Ich trug noch meine Schuluniform, aber ich fühlte mich darin nicht mehr sicher. Sollte ich auf die Taliban treffen, wäre ich nicht richtig angezogen gewesen. Als ich nach Hause kam, weinte meine Mutter. Ich weinte auch. Meine drei Schwestern und ich haben in dieser Nacht nicht geschlafen. Wir redeten auch nicht, weil niemand wusste, was man sagen sollte. Draußen war es still, nur ab und zu hörten wir Flugzeuge.
Ameena Rahimi* ist 21 Jahre alt und stammt aus Kabul. Bevor die Taliban die Macht in Afghanistan übernahmen, war sie zur Schule gegangen und hatte geplant, mit ihrem Verein an internationalen Inline-Skate-Wettbewerben teilzunehmen. Mit ihrer Familie floh sie zunächst nach Pakistan und kam im März nach Deutschland.
Wie hat sich Ihr Alltag nach der Machtübernahme verändert?
Zuerst habe ich mich wegen der Ungewissheit der Situation kaum aus dem Haus getraut. Ich stand oft am Fenster und beobachtete die Straßen. Ein paar Tage später sah ich zwei Männer auf einem Motorrad. Sie trugen Peran Tumbans (ein langes Männergewand; Anm. d. Red.), große Patus (ein Wollüberwurf; Anm. d. Red.) und hatten lange Bärte und Gewehre. Ich wusste sofort, dass sie Taliban waren – und hatte Angst. Als ich das erste Mal wieder rausging, war es, um mit meiner Schwester zum Schneider zu gehen. Wir mussten Hijabs anfertigen lassen – vorher hatten wir so etwas nicht getragen. Uns wurde klar, dass wir nicht in die Schule zurückkehren würden. Stattdessen gab es Online-Kurse. Ich belegte alles, was ich konnte: einen Computerkurs, Sprachen, Mathe, Geographie. Ich wollte nicht aufgeben, aber die folgenden zwei Jahre fühlten sich unendlich an.

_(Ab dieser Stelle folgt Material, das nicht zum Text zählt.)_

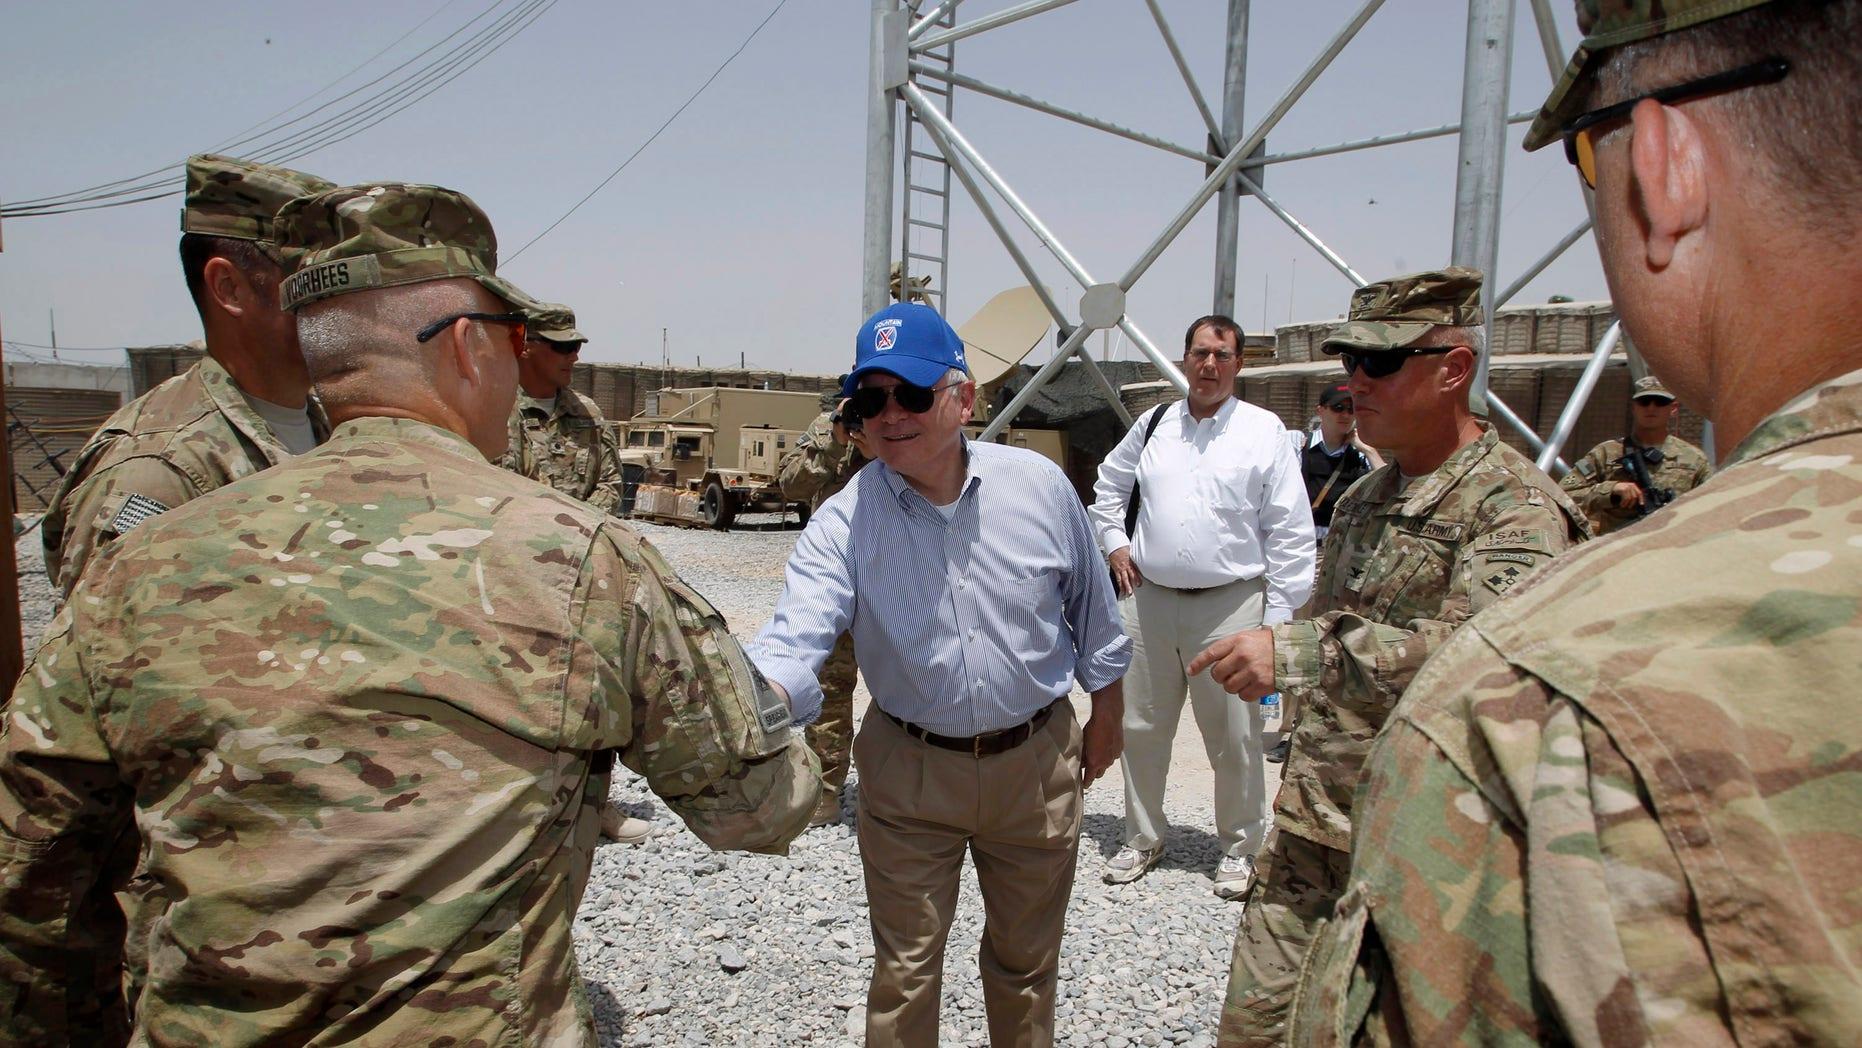 Sunday: Defense Secretary Robert Gates thanks troops at Forward Operating Base (FOB) Walton in Kandahar, Afghanistan.

Sie gingen 2023 nach Pakistan. Wie erging es Ihnen da?
Als wir die Grenze zu Pakistan überschritten hatten, konnte ich zum ersten Mal seit langem wieder tief durchatmen. Wir – meine Eltern, meine drei Schwestern und ich – lebten neun Monate auf engem Raum in Islamabad. Das war aber okay. Ich hatte es für unmöglich gehalten, dass wir aus Afghanistan rauskommen würden, aber wir hatten es geschafft. Das Leben in Pakistan war schwierig, aber sicherer als in Afghanistan. Unsere Visa mussten ständig verlängert werden und die Gebühren änderten sich jedes Mal – völlig willkürlich. Nach einigen Monaten begannen die pakistanischen Behörden, Afghan:innen abzuschieben. Freunde von uns wären fast zurückgeschickt worden. Mit Hilfe einer deutschen Organisation konnten wir das verhindern. Danach verließen wir das Haus kaum noch.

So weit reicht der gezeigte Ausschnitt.